Sunday, April 18, 2010

My Bloody Diet

In my ongoing search for various experiments to inflict upon my unsuspecting body, last week I started a blood type diet. There is one train of thought, so far as I can tell originating from a couple of American naturopaths (a father and son team at that), that suggests that your perfect diet can be completely dictated by your blood type.

I should note that when I talk about diet I am talking about overall strategies for eating and health, not some ridiculous plan to get thin. I don't need to get thinner. If I got any thinner I could fit into the fax machine and send myself around the world for almost nothing.

So I started thinking about this after a visit to the local Port Macquarie kinesiologist, acupuncturist, masseuse, naturopath and all round health conscious person Jacqualine O'Brien. Most of the people living here have suddenly developed an addiction to seeing her, to the point where she's talking about making day trips out here to save all of us coming in so often. For my part, she's been helping to realign my skeleton and musculature system that seems hellbent on slowly turning me into a human variety of Angothra. It's working well.

But after one visit Pam, who was also there, was getting a blood test. I have never known what blood type I am, so I asked to be pricked as well. Turns out I'm an A. I don't know whether I'm positive or negative. From what I've read this has little to do with anything of any use, so I don't really care.

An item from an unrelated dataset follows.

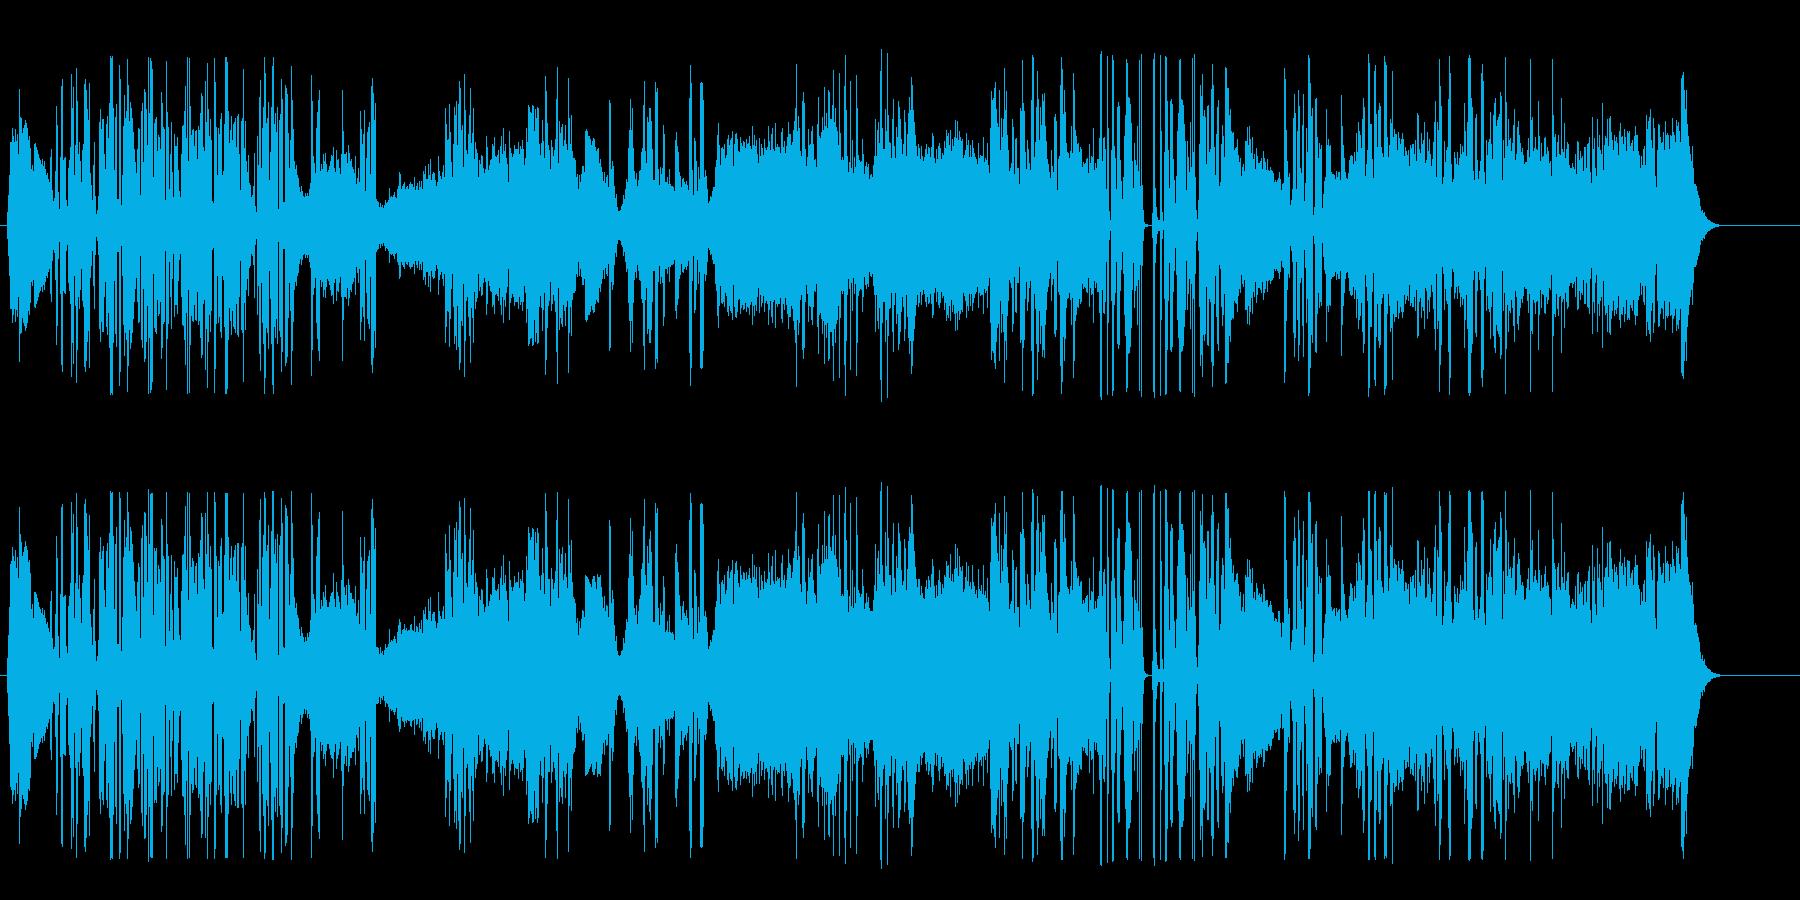 イントロデモの再生済みの波形

After Mark told me I was an A (and oohed and aahed over my exquisite blood specimen that did exactly what an A type blood specimen should), he gave me a few pages that talked about the best diet for my blood type. As these things tend to happen, a couple of days earlier Angie's aunt who had been visiting had left us a book called Eat Right For Your Type. Funnily enough, it was written by the same two dudes I mentioned above, and was where this short summary that Mark handed over came from.

The most interesting and relieving thing I noticed was that for an A blood type, the best possible diet you can have is vegetarian. They recommend that if you're an A blood type and not vegetarian, you should seriously contemplate it. Meat for you is like glue for horses. You don't want to go there.

It was actually nice to see that a lot of foods I like eating (lemons, ginger, apples, grains, lentils, even chocolate - that's right, chocolate!) are good for me. It even recommends I have half a lemon in a glass of water every morning (I've just been downing the juice of a whole one straight - that's how I roll). The downsides were that I'm not supposed to eat cheese, which is something I've always consumed in almost as large quantities as chocolate. I'm "allowed" goat's cheese, feta, ricotta and mozarella, but only in small amounts. It was also saddening to find that oranges and bananas, my two favourite fruits, and well and truly in the avoid camp. So much so that the book talks about oranges for a whole paragraph, explaining how they know how much us A types like them but for the love of God, leave them alone because they'll turn our stomach linings into something the Toxic Avenger might blow out of his nose.

Like most of these kinds of things I'm reserving a healthy amount of skepticism, but an eager and open mind to see what happens. I've been keeping almost religiously to the diet for the past week, and haven't yet noticed any specific health improvements except perhaps for slightly more energy. Now, I normally have more energy than most people (or has Henry Rollins has offered in regards to his own cynicism, more than the average stadium of people). But Jacqualine told me that she feels my body is almost constantly in fight or flight mode, ready to punch on or run every second I'm awake. This might also explain why I can nap so well - at the mere hint of sleep, my body instantly shuts down in an attempt to make the most of the rest period. She believes the extra energy I'm feeling could well be a more normal kind of energy, meaning I'm using real energy instead of working off reserves all the time that are meant to be just that - reserved for something special (like facing down a charging bull, which nearly happened yesterday, but that's another story).

So I figure I'll stick to this for a few weeks, or at least for as long as I can go without cheddar, and see what happens. If I can become a super healthy machine, then perhaps I'll keep with it. If not, I'll go back to normal, which isn't that far from the diet anyway. It just has more cheese.